The facade is a pleasant, not over-zealous, array of columns with scrolled capitals (tops of columns) and acanthus leaves. The sculpting of the Transfiguration of Christ shows an older, more solemn Christ than those I have seen in other Mexican cathedrals.
He opens his arms to the world as he ascends into the Heavens. The stone around him comes alive with tiny angels in flight. Sculptures of the Magi and the Shepherds stand in silent respect of the image.
A few parishioners move out of the carved wooden doors; smooth pink stone rushes up through the three levels of the facade past the weathered white images of Sts. Mark, Luke, Matthew and John that stare across Madero toward the Portales - arches that line the streets and broad walkways.
I cross busy Avenida Madero; just outside the cathedral's doors sits a woman holding a sweater over her face as she holds out a cup for change.
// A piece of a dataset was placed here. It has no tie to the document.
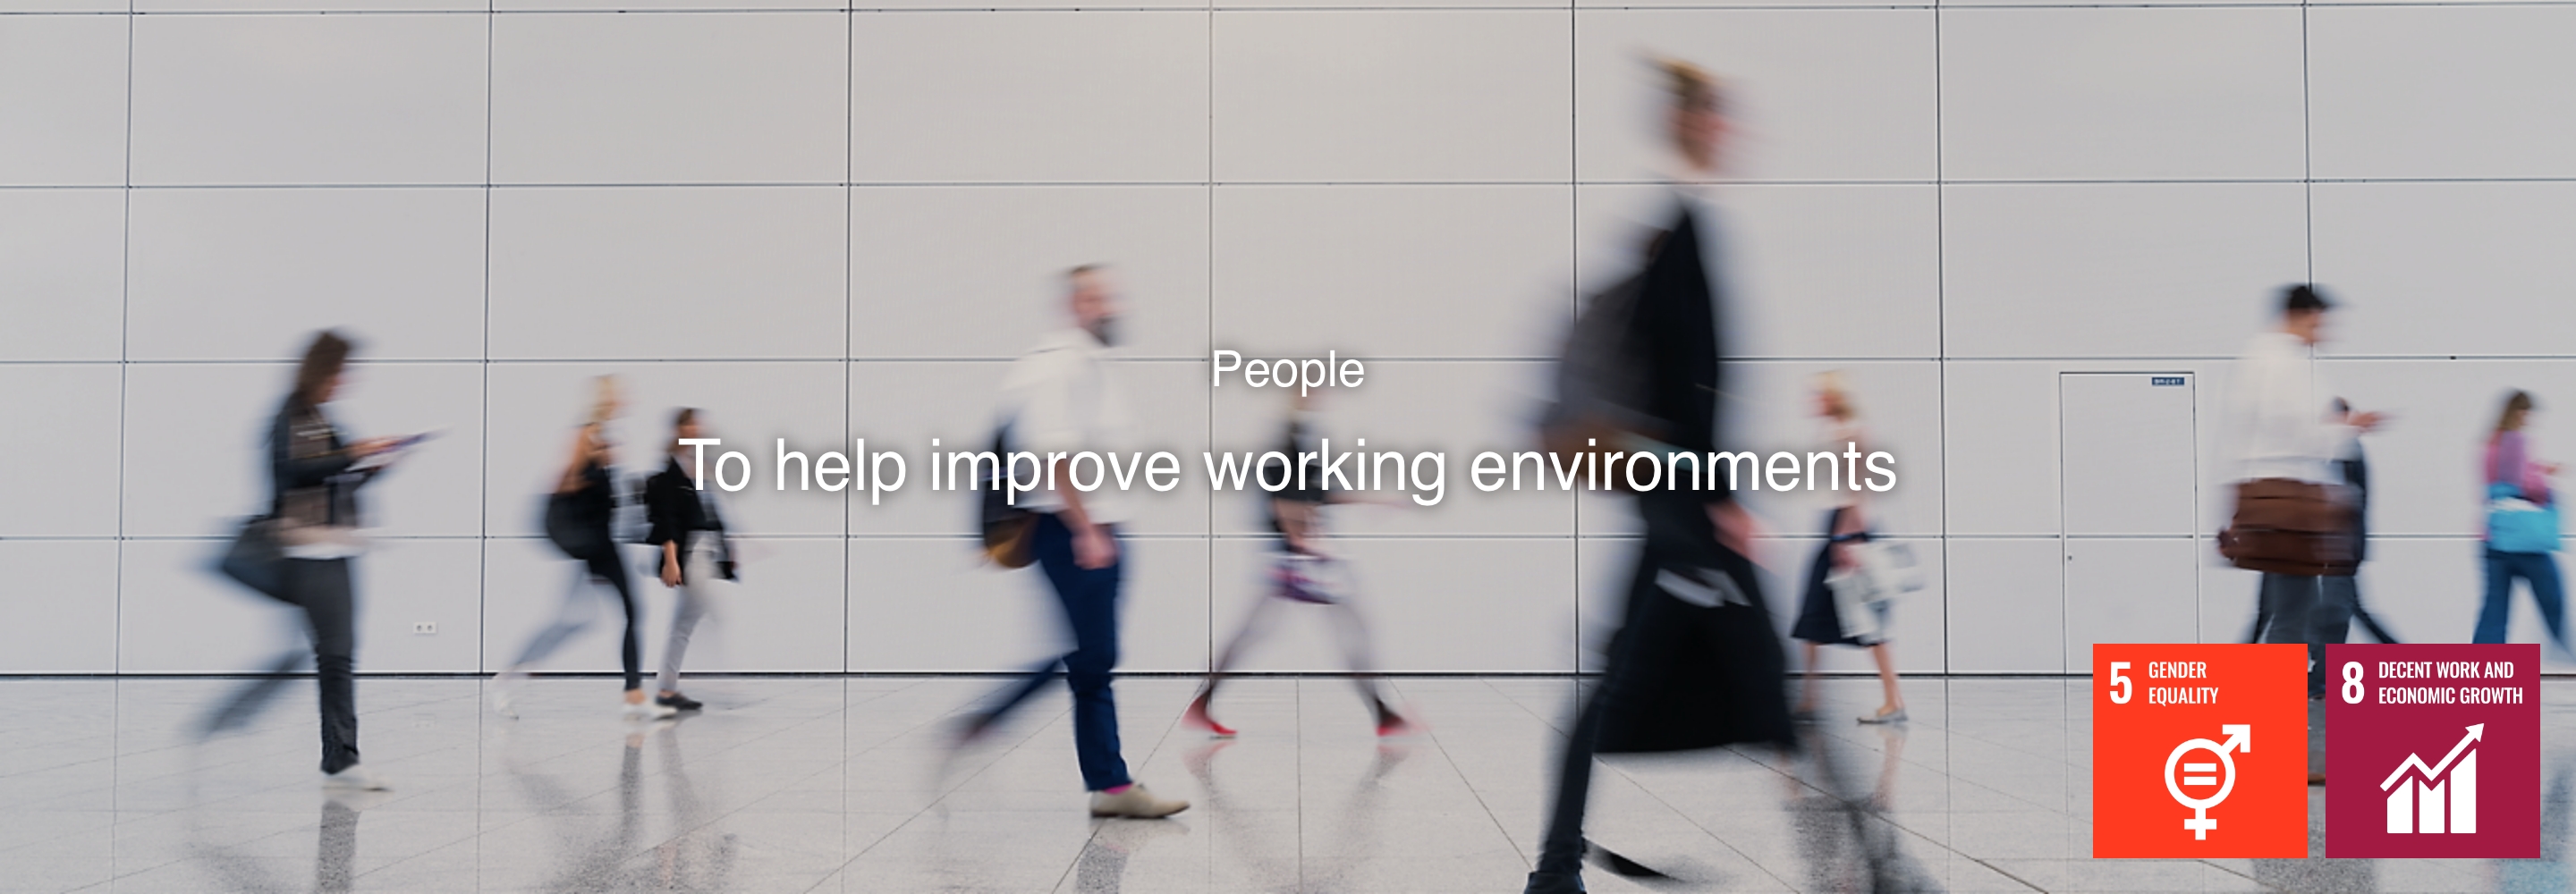 People To help improve working environments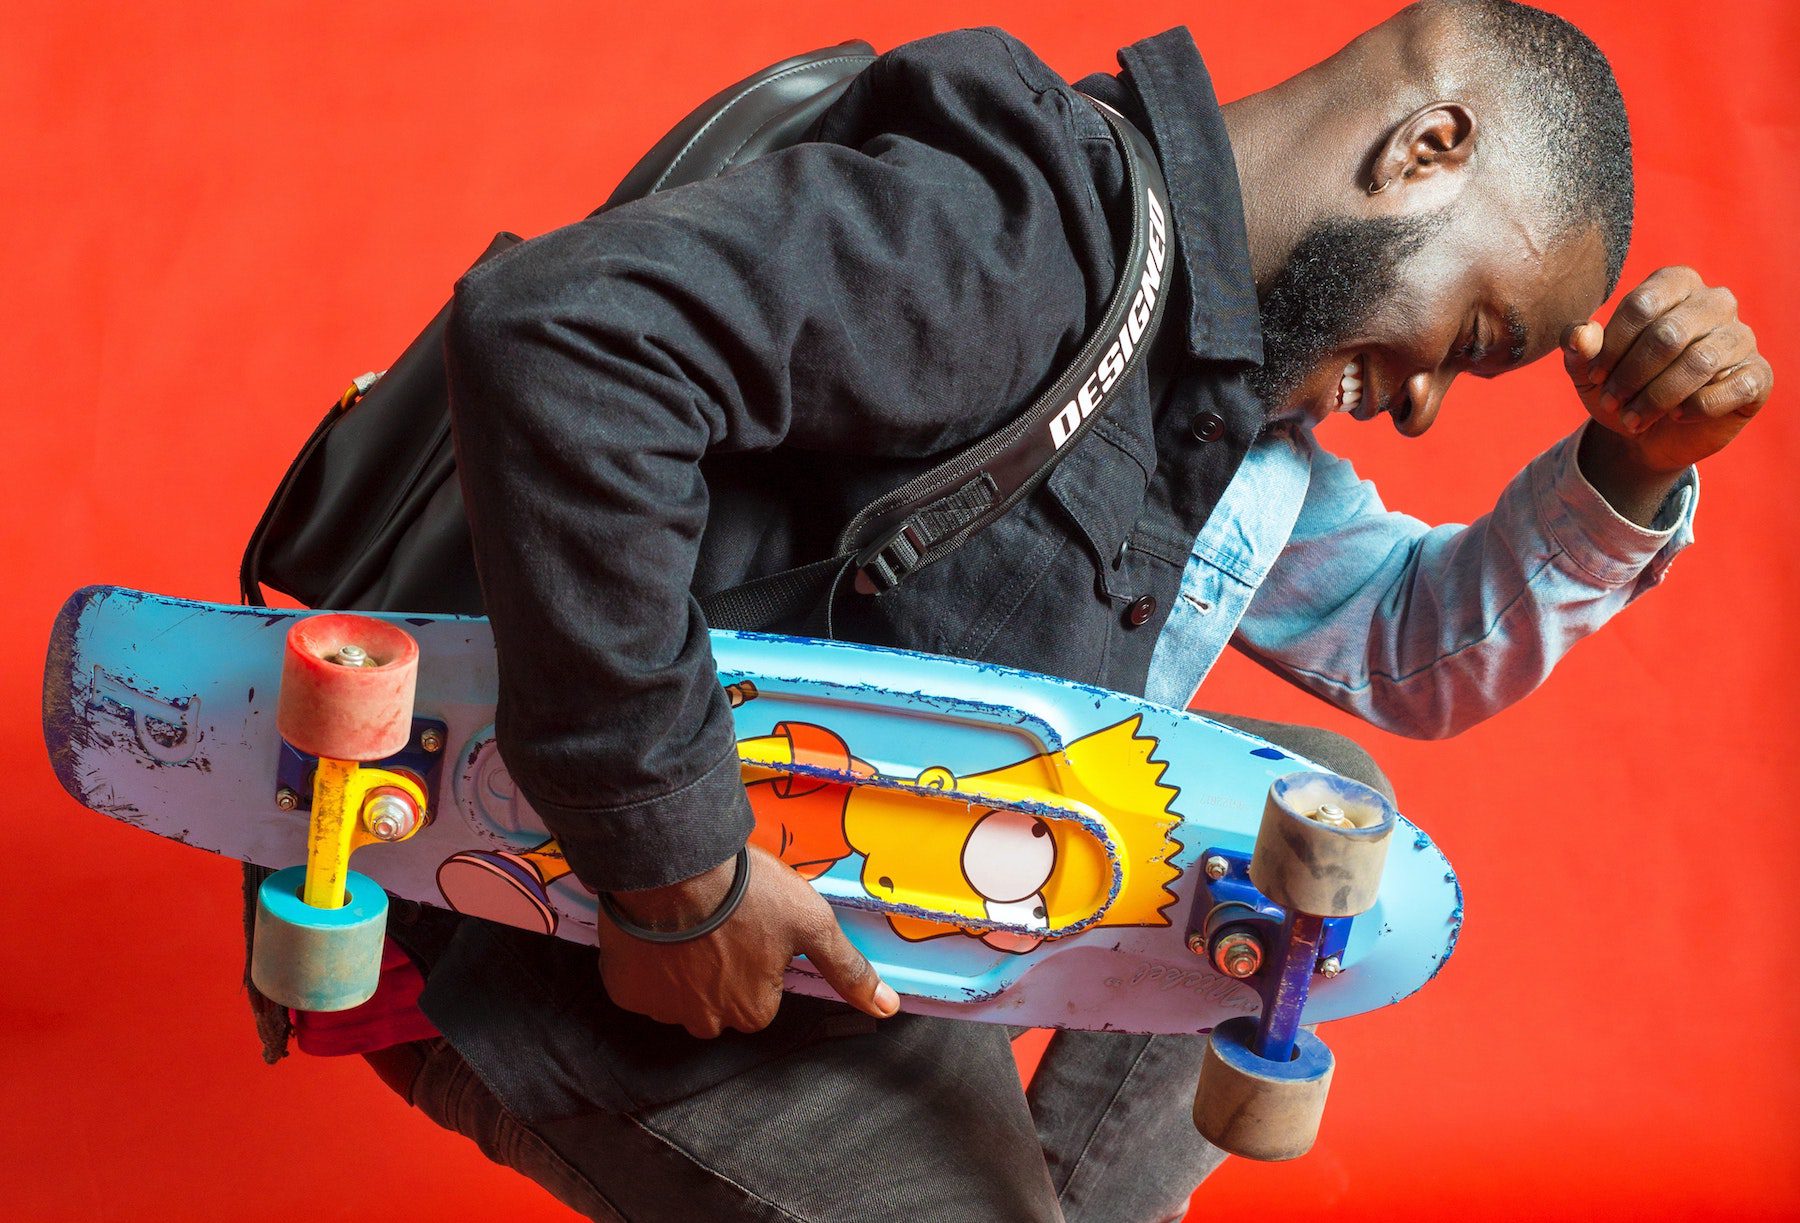 Young man holding a skateboard with Bart painted on the deck against a bright red-orange background.

I enter the cathedral where there are polished wooden benches filled with parishioners beneath a high ribbed ceiling with gold floral designs. They've come from throughout the city; men in plaid shirts, women in shawls with purses draped over shoulders.
There is a soft echo through the cavernous structure as the priest celebrates Mass. Vaults high above show panels of geometric designs and floral patterns in subtle colors of red and sky blue. Chandeliers help balance the overpowering height of the ceiling.
The central vault has a stained glass window with a picture of Christ ascending into the clouds, strong swirling lines creating a sense of movement.
There is movement down below, too. A young man with a daypack kneels and crosses himself, a cough breaks the stillness, a door booms as it closes. Mass is suddenly finished, and everyone pours into the streets.
I move forward, past chapels with gilded altars and deep red gladioluses and candles, painting of the Virgin, brass crucifixes. At the end of the aisle, there's an image of a dark-skinned Christ, arms stretched across a crucifix, wrapped in a purple loin cloth, and gold and brass stylized trees at the foot of the cross.Drawn in by the feeling of antiquity here, I think I'd like to know more about the history of Morelia; I leave the cathedral and head across Plaza Benito Juarez on the west side of the cathedral.
Plaza Presidente Juarez is a pleasant park with manicured ficus trees, towering feathery-leafed jacaranda trees and poinciana trees with bright orange blossoms. Couples stroll along broad walkways past sparkling fountains, a gazebo, a man in a wheelchair operating a newsstand. Others sit on stone benches. Trolley buses wait for their next load of tourists while teenagers in gray school uniforms and backpacks cross the plaza.
Two old Indian women with heavy square faces walk by, both carrying heavy loads wrapped in large dark blue rebozo shawls with yellow stripes. One stops while the other adjusts her load, then they both walk on. I continue toward the Museo Regional Michoacana.